● PROBLEM REQUIREMENTS: Wherever a picture appears in the listing below, leave it out and reproduce the rest exactly.

--- DATASET EXCERPT ---

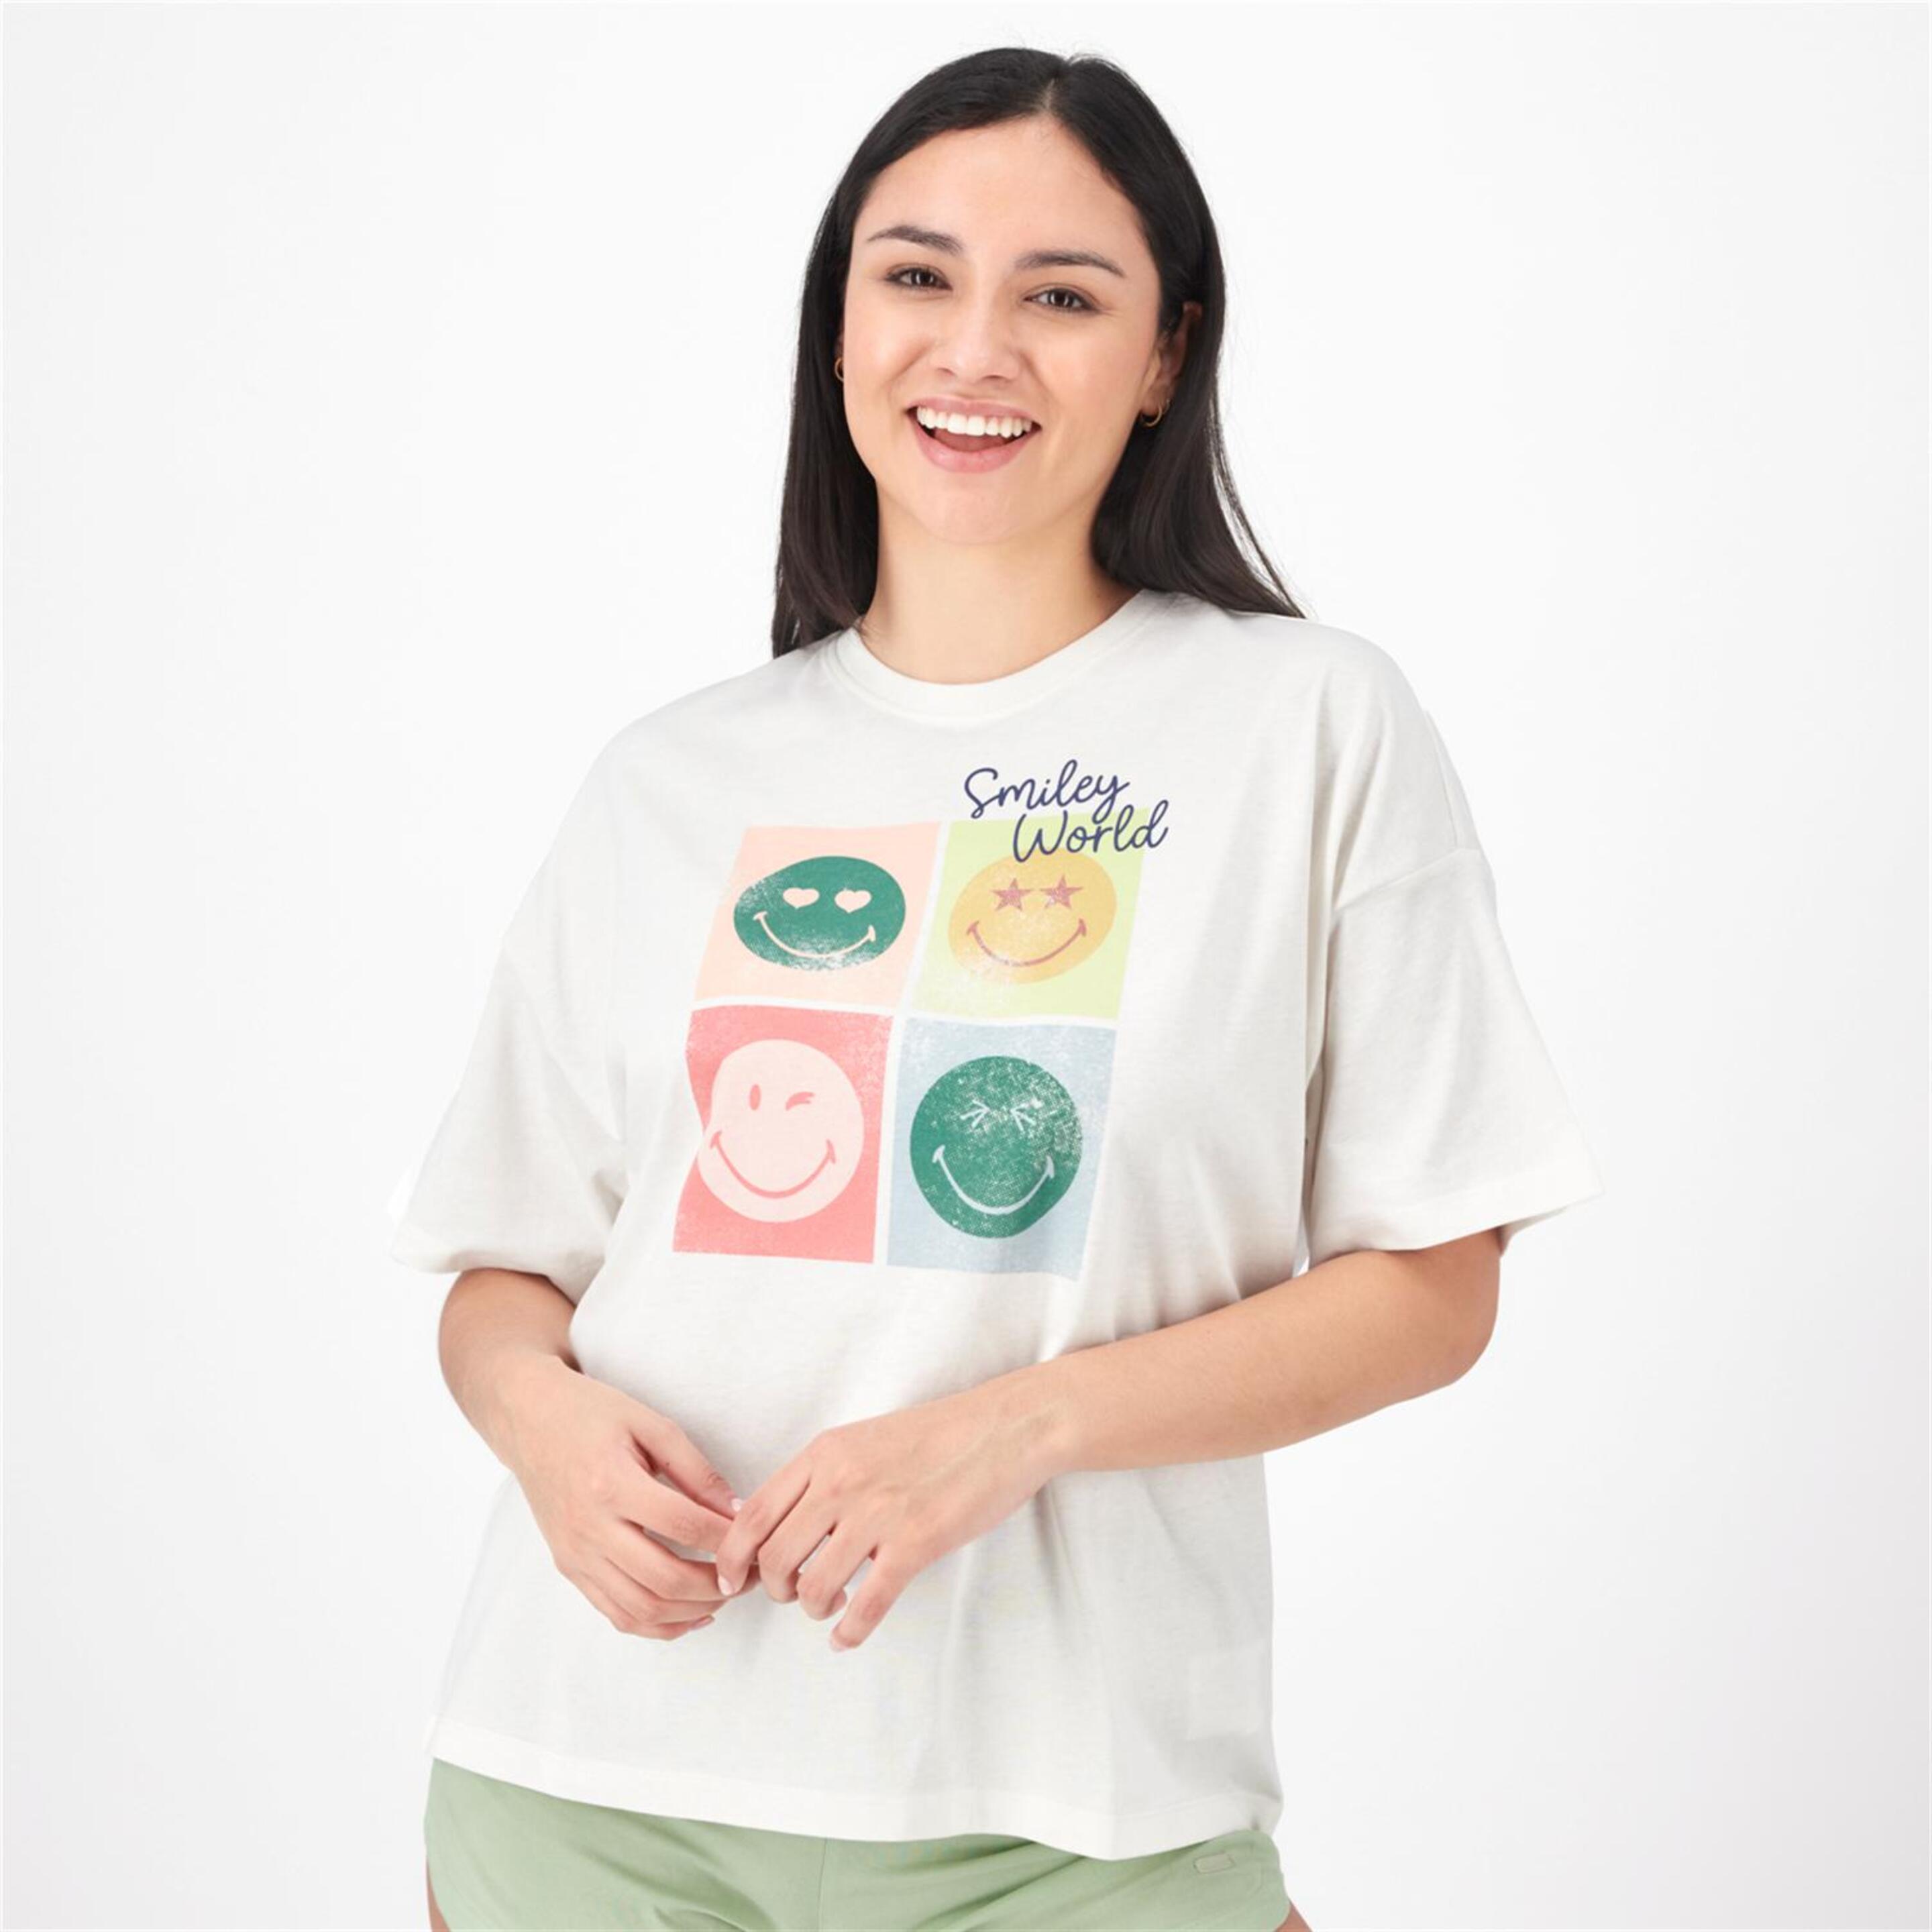 Camiseta SmileyWorld® - blanco - Camiseta Mujer
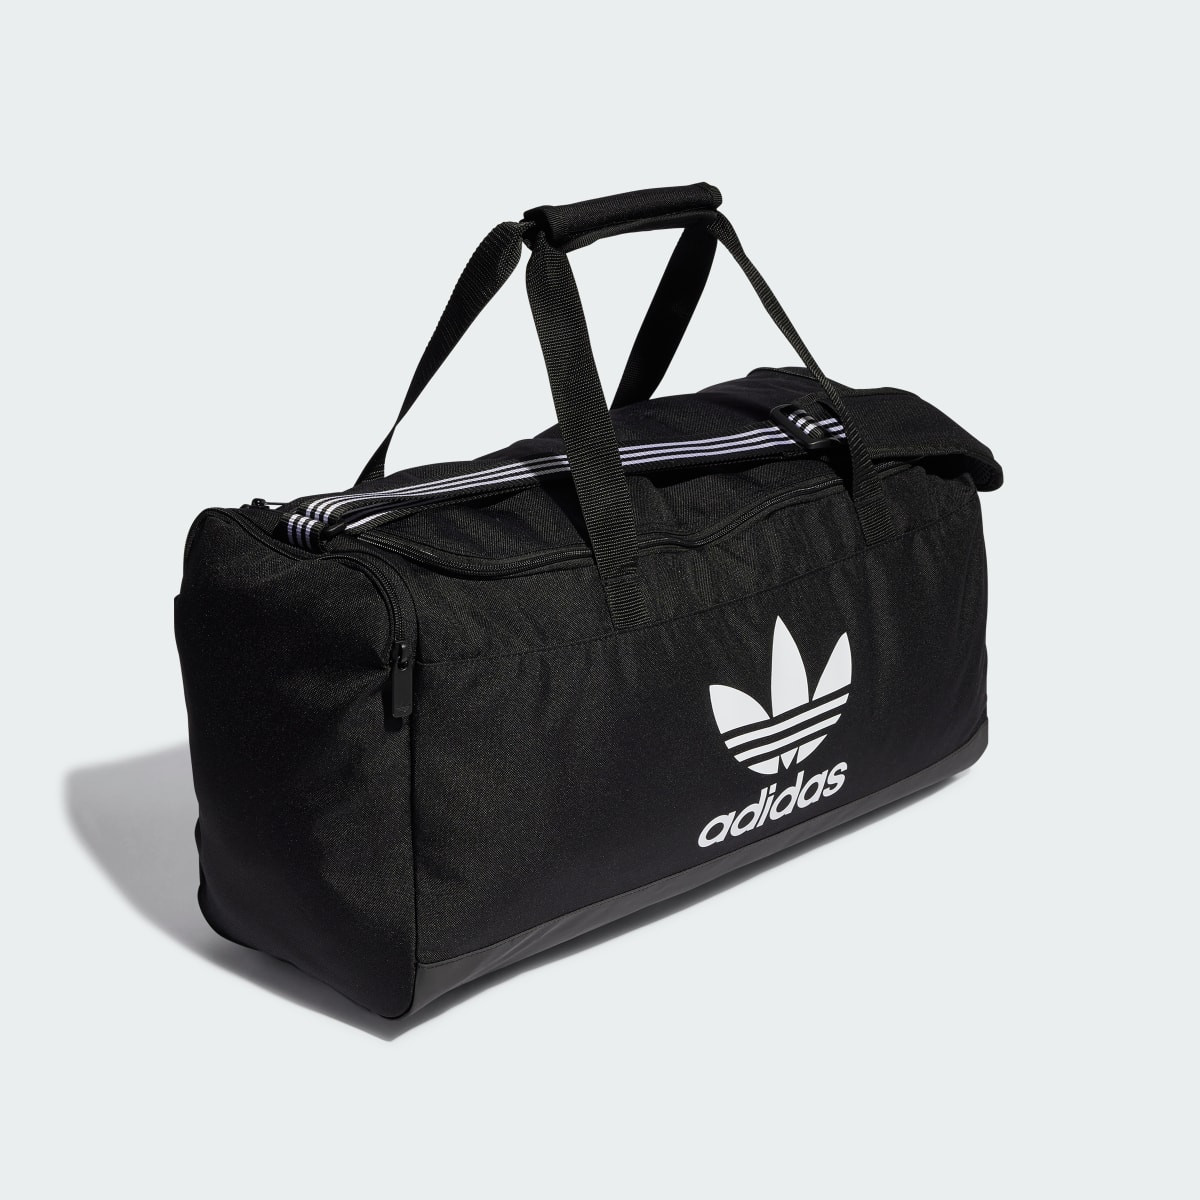 Adidas Duffel Bag. 4
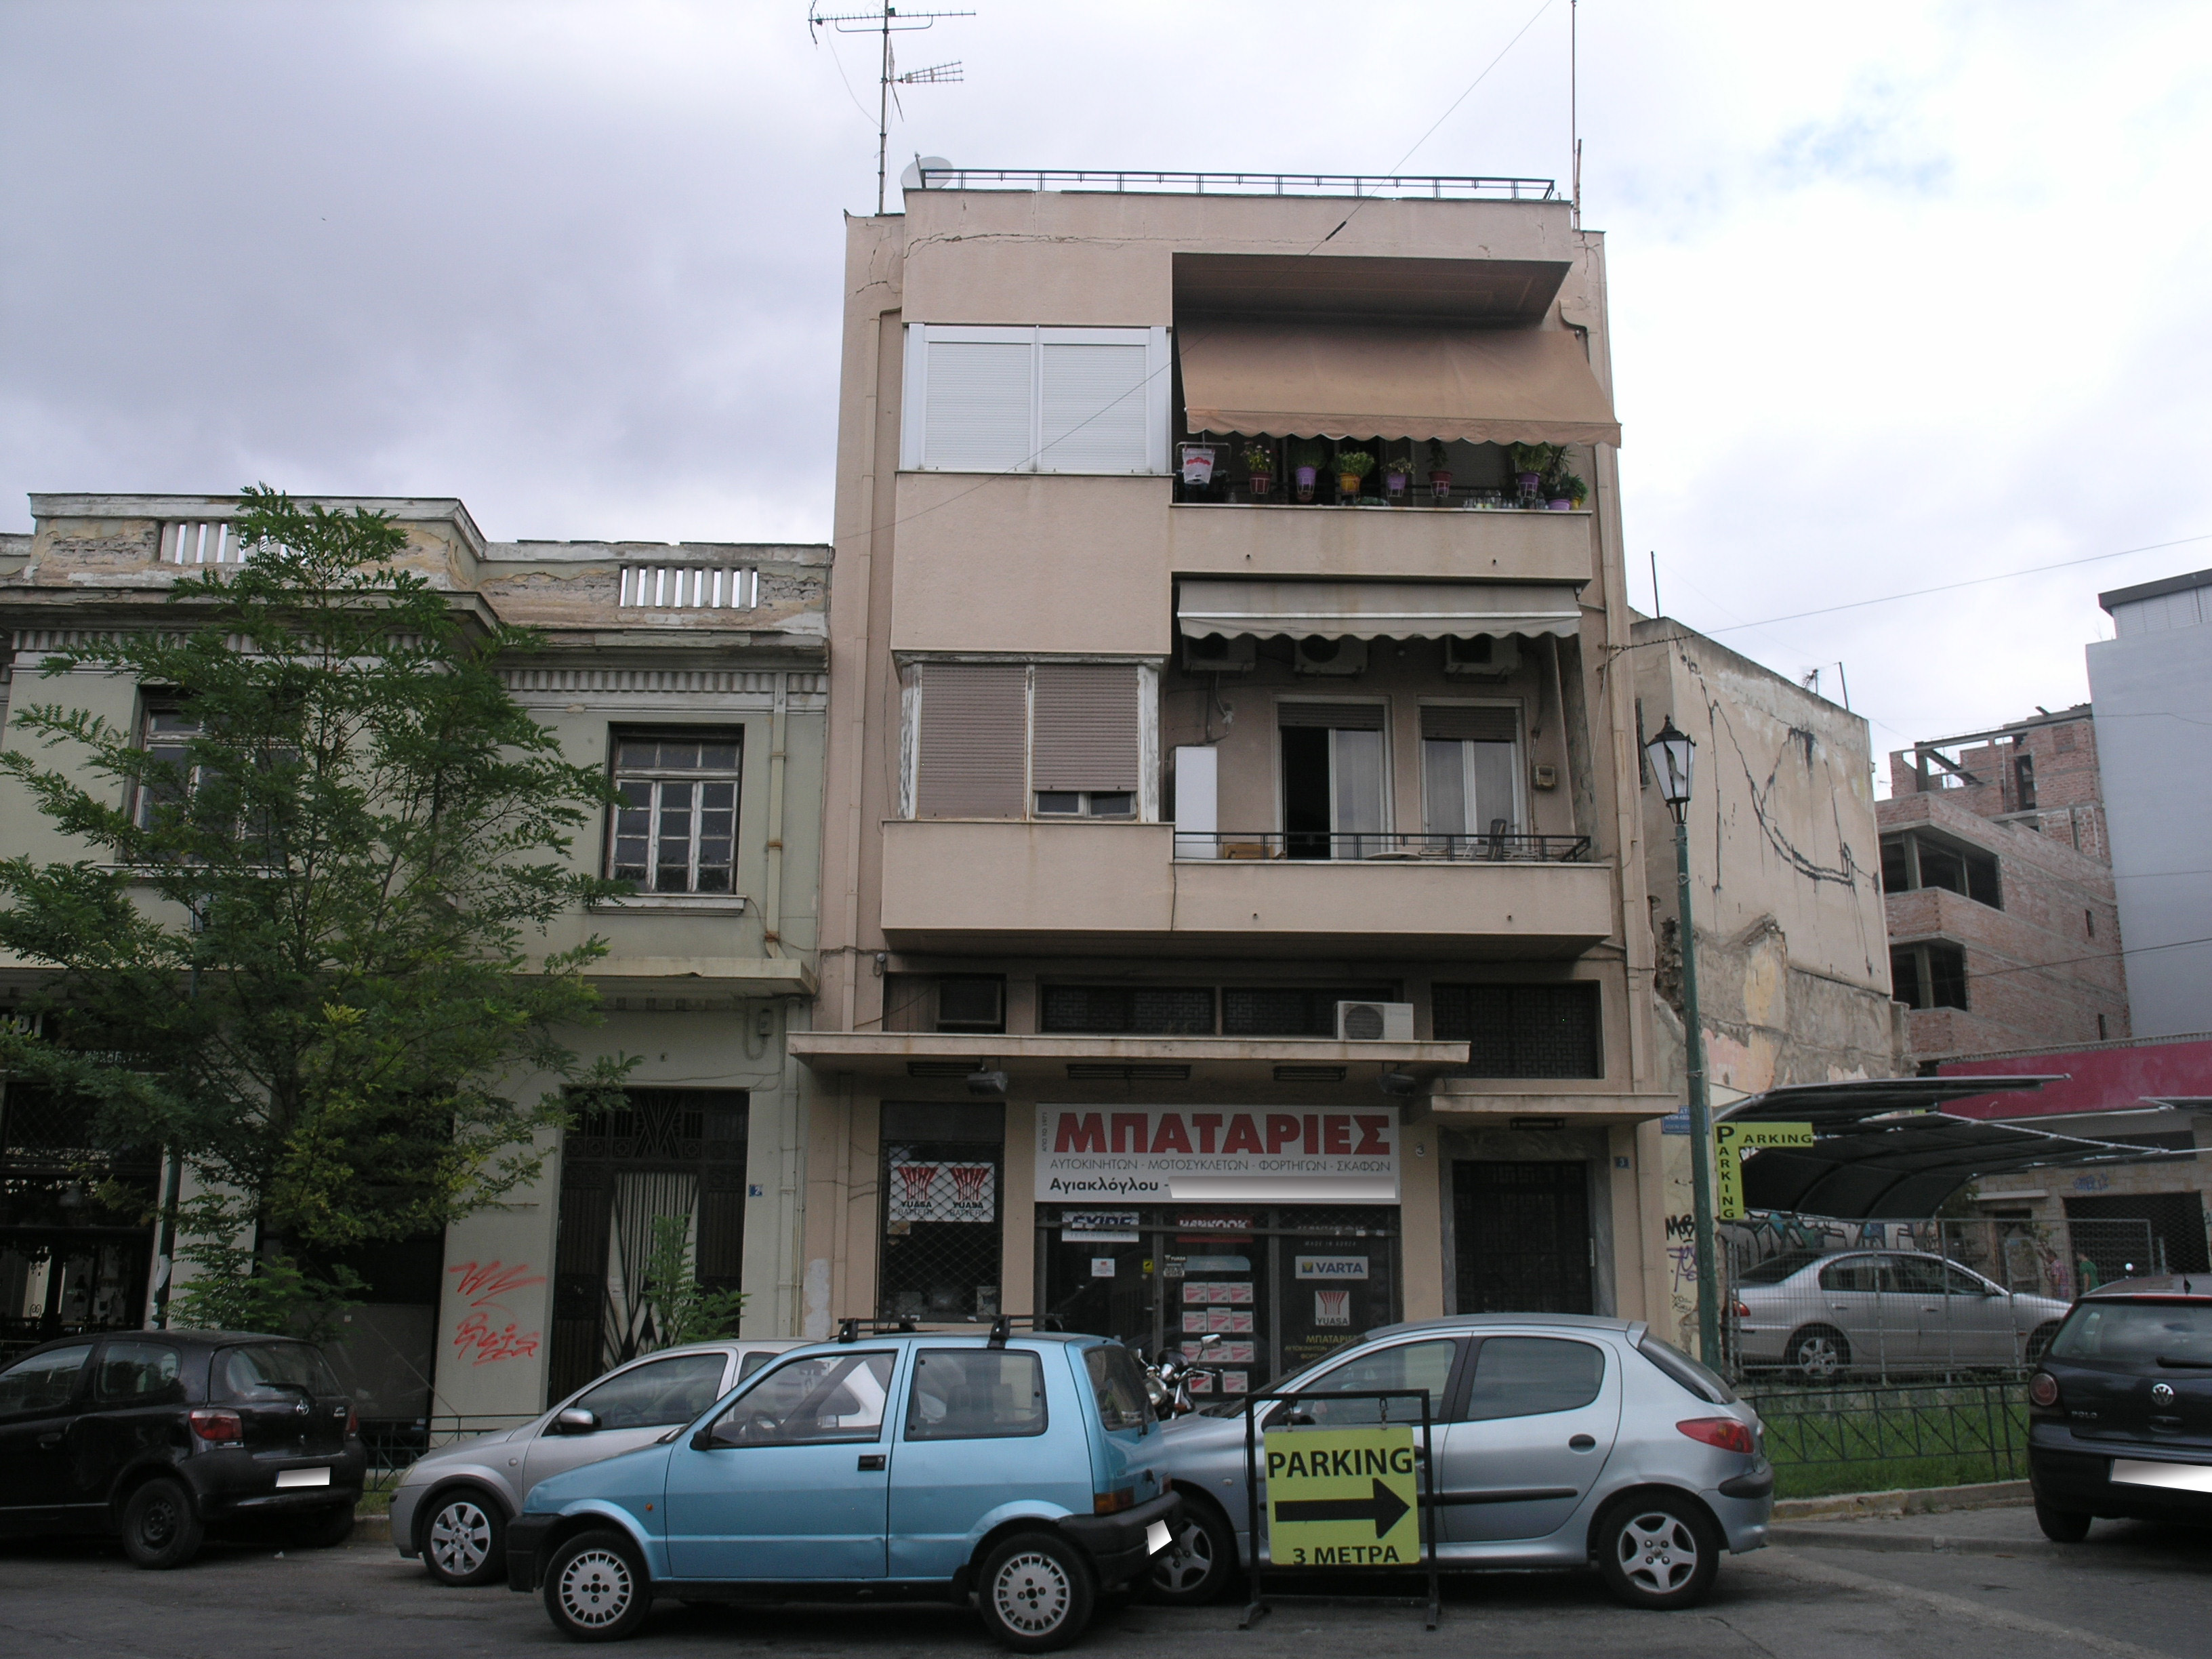 View of main facade.

---

● OUTPUT OF THE EXERCISE:
 Camiseta SmileyWorld® - blanco - Camiseta Mujer
 Adidas Duffel Bag. 4
 View of main facade.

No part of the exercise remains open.